Motivation

In American football, coaches can greatly benefit from the power of technology to aid their analysis of games. In this sport, only one forward pass is allowed per play. Hence, it is crucial to make the right move. We try to help solve this problem by developing an automated tool for suggesting the best pass a player can make such that the team can make maximum progress towards the team’s end zone. Our idea to solve this is to map the players’ positions onto a 2D plane and find the path of the least obstruction where the ball can be passed.

Related work

There has been extensive research on camera calibration in other sports such as soccer and basketball. There have been efforts to identify the players, and their teams, and track them and the ball during the play. However, these methods use ball tracking as their primary source to base their solution. However, the ball is almost always occluded in American football. Hence, we try to build our solution by identifying the roles of the players rather than tracking the ball.

Some prior works that helped shape our approach include:

1. Sports Camera Calibration via Synthetic Data (Jianhui Chen, James J. Little et al.)

   • In this work [1], the authors perform edge detection on the image to identify which part of the soccer field the players are located in and project the player locations to the predefined field template.

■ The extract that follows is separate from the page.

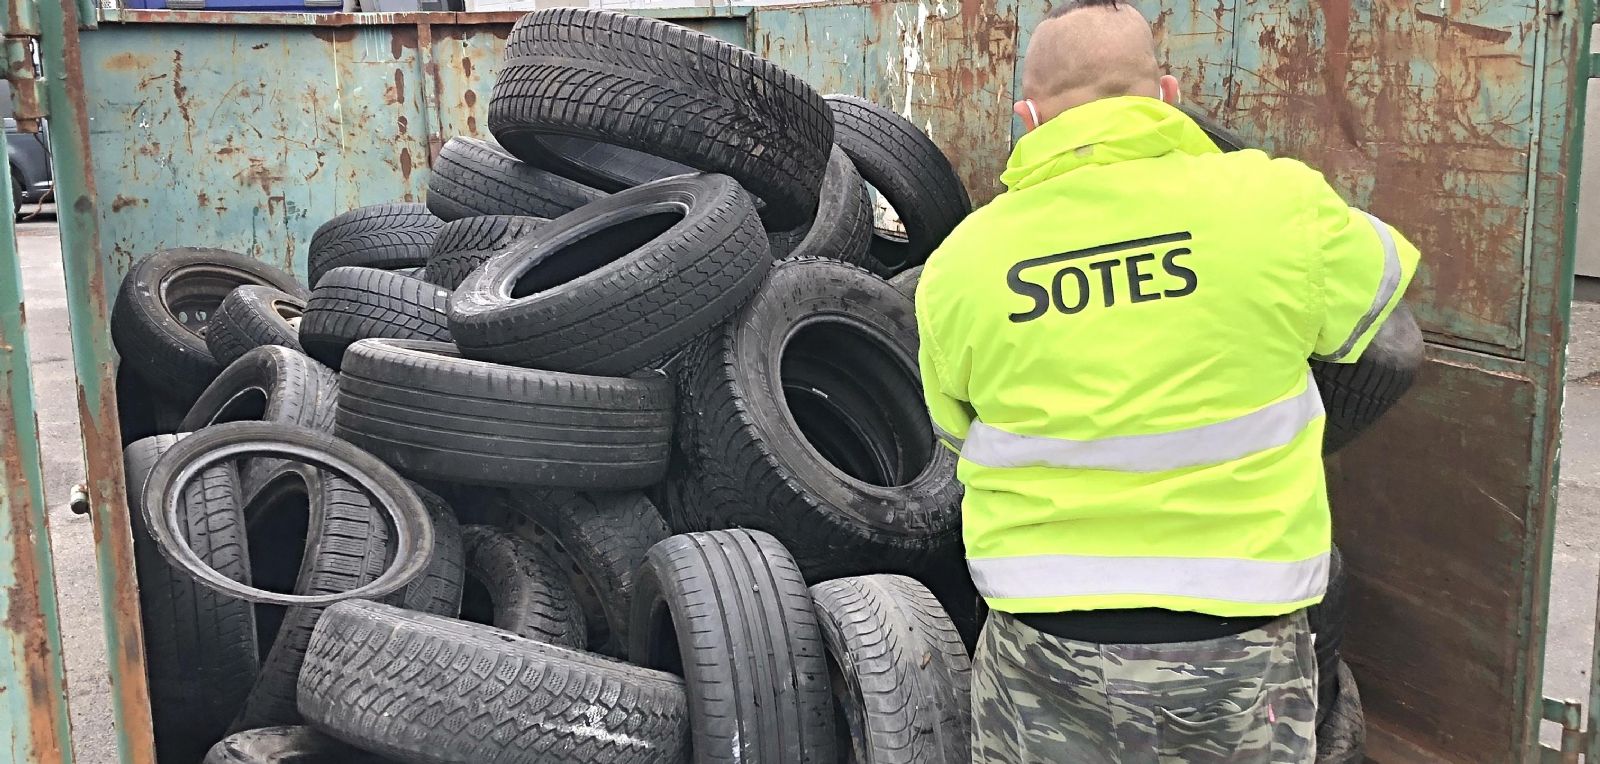 Sokolov: Neodhazujte pneumatiky po městě. Lze je odevzdat

   • The authors use a two-GAN model to detect field markings and a siamese network to learn the features of these edge images.

2. A Comprehensive Review of Computer Vision in Sports: Open Issues, Future Trends and Research Directions (Banoth Thulasya Naik, et al.)

   • In this work [2], the authors provide an overview of the different sports datasets available, the various techniques used for player detection, action recognition, and the different approaches to generate a bird's eye view of the field given an image taken from any camera angle.

3. Detecting events and key actors in multi-person videos (Vignesh Ramanathan, Li Fei-Fei et al. )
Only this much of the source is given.